* INPUT RECORDS *

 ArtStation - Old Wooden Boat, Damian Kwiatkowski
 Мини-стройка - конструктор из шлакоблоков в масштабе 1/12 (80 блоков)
* * *
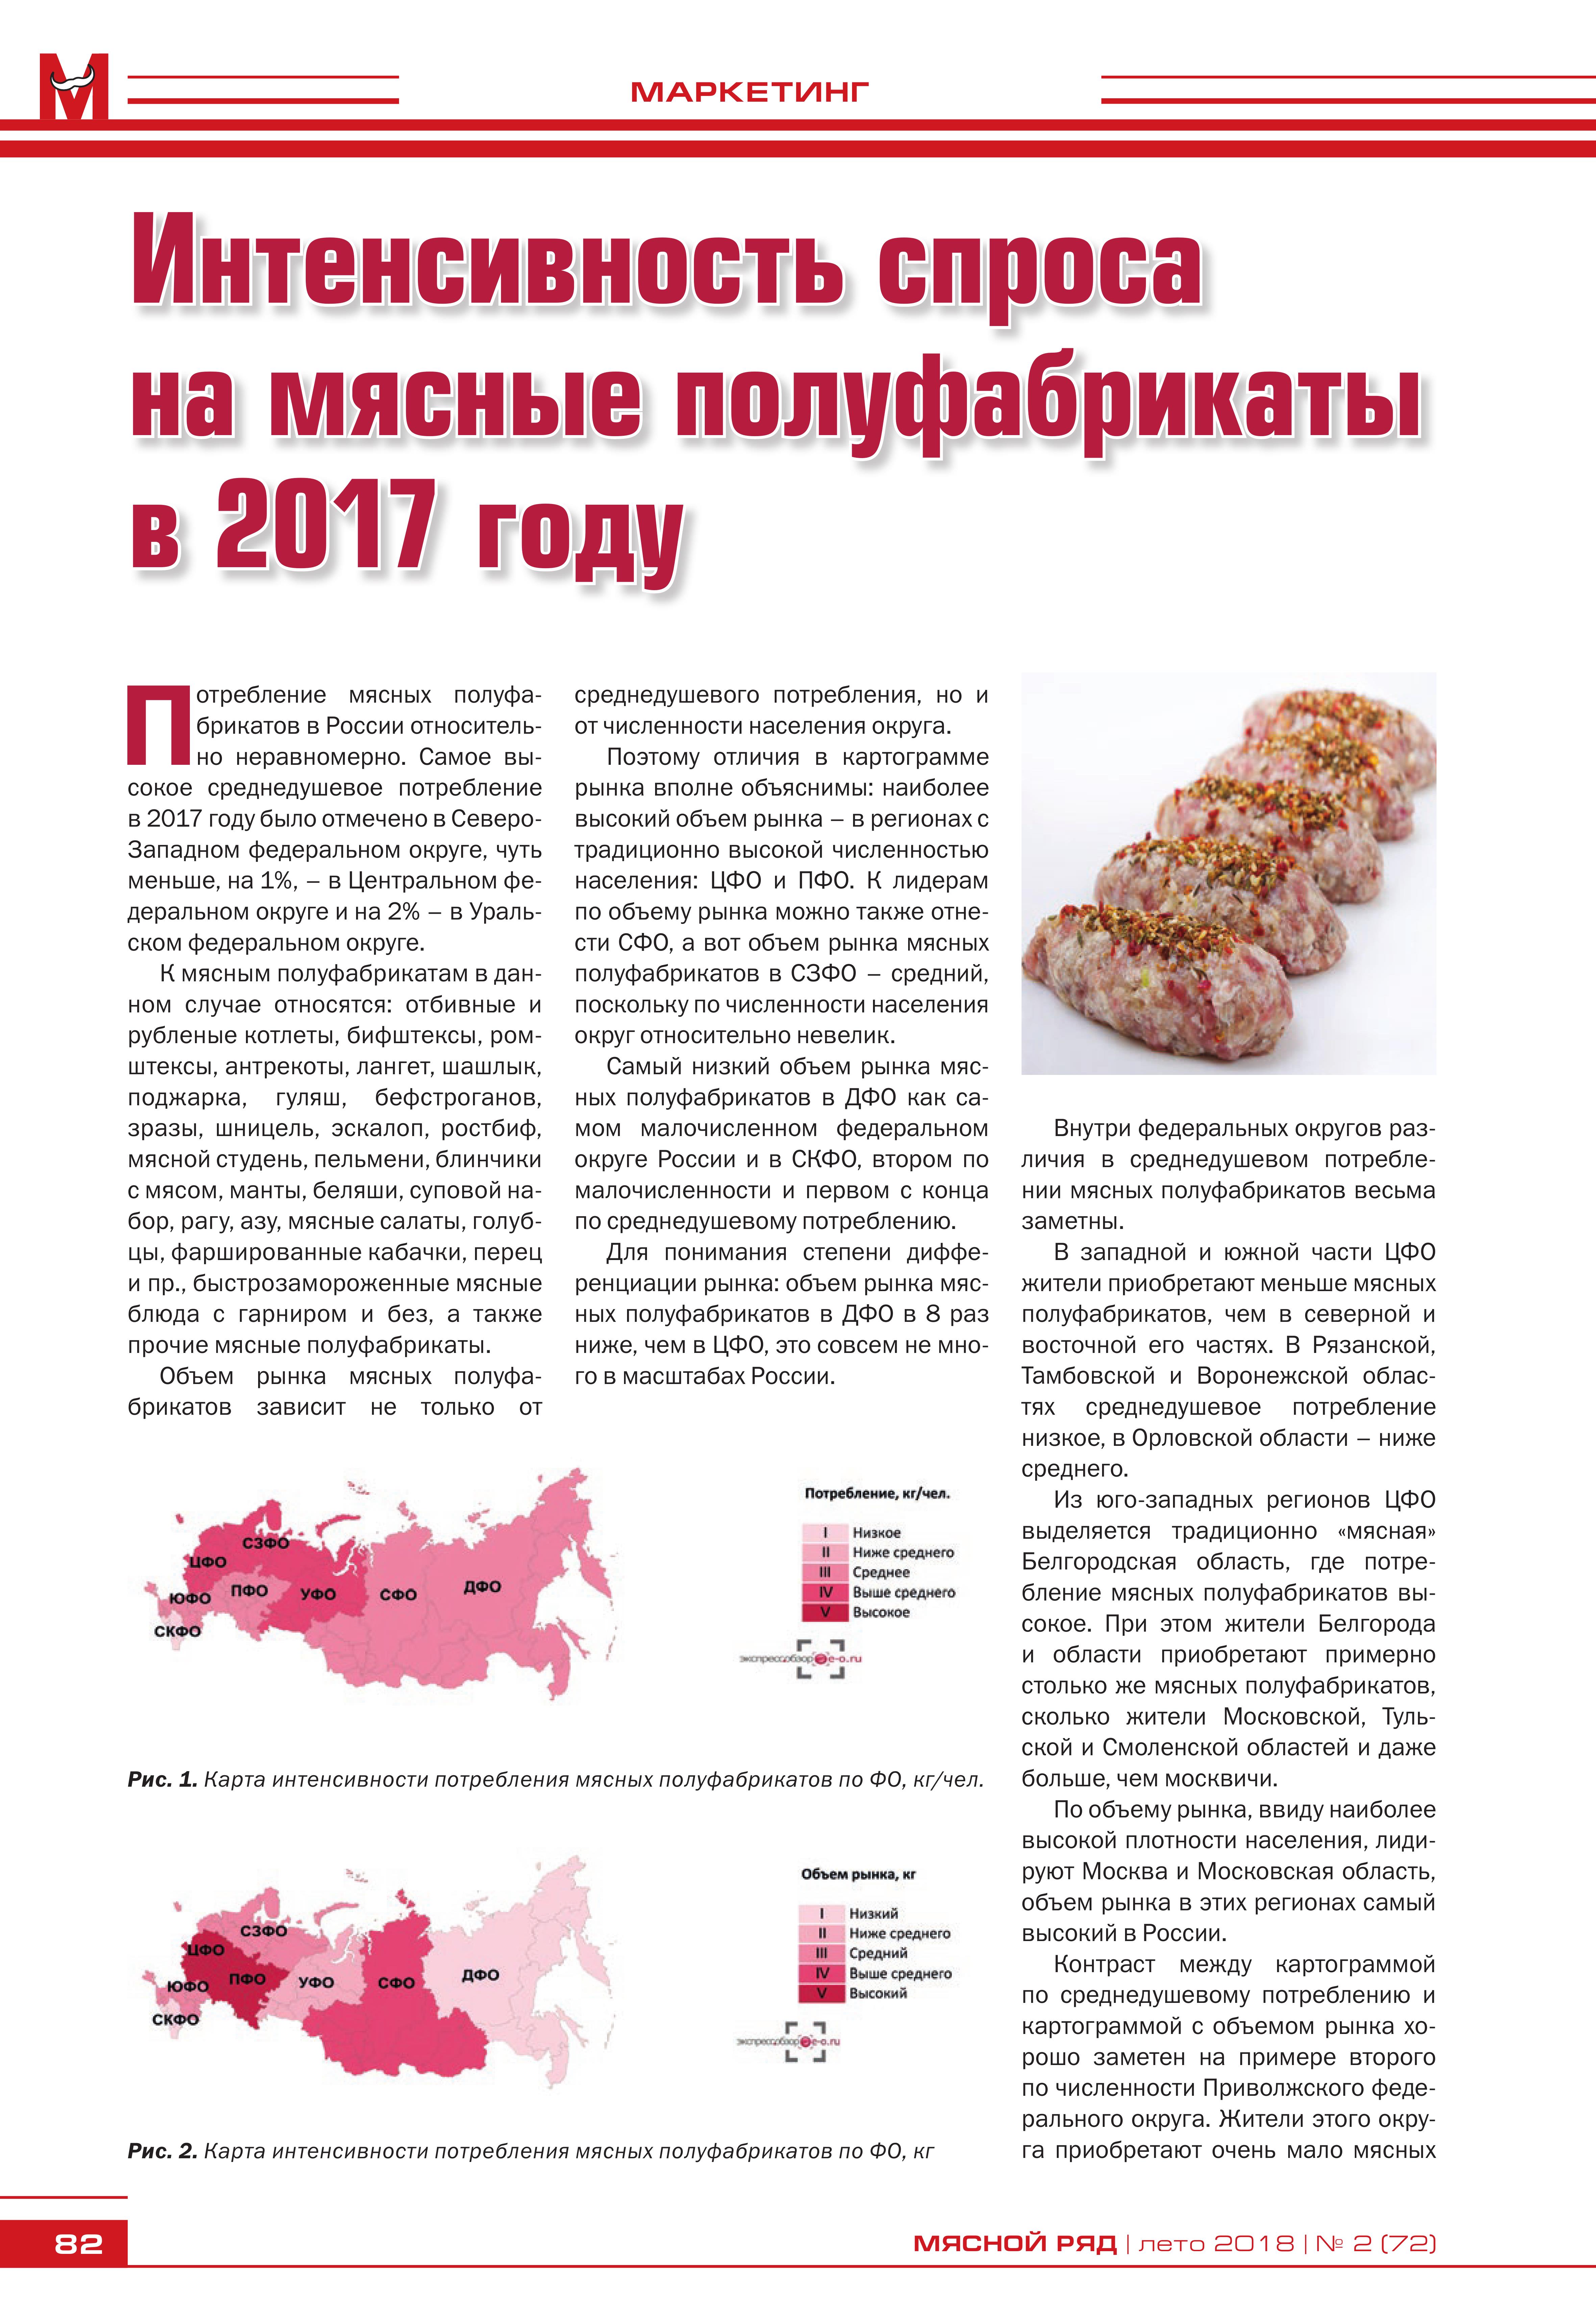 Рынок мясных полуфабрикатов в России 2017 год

* WHAT THE TASK ASKS *
Taking the lines above, repeat exactly those from the line that contains "ArtStation - Old" through the line that contains "Мини-стройка - конструктор", and both of those lines as well. Include nothing else.

* TASK RESULT *
 ArtStation - Old Wooden Boat, Damian Kwiatkowski
 Мини-стройка - конструктор из шлакоблоков в масштабе 1/12 (80 блоков)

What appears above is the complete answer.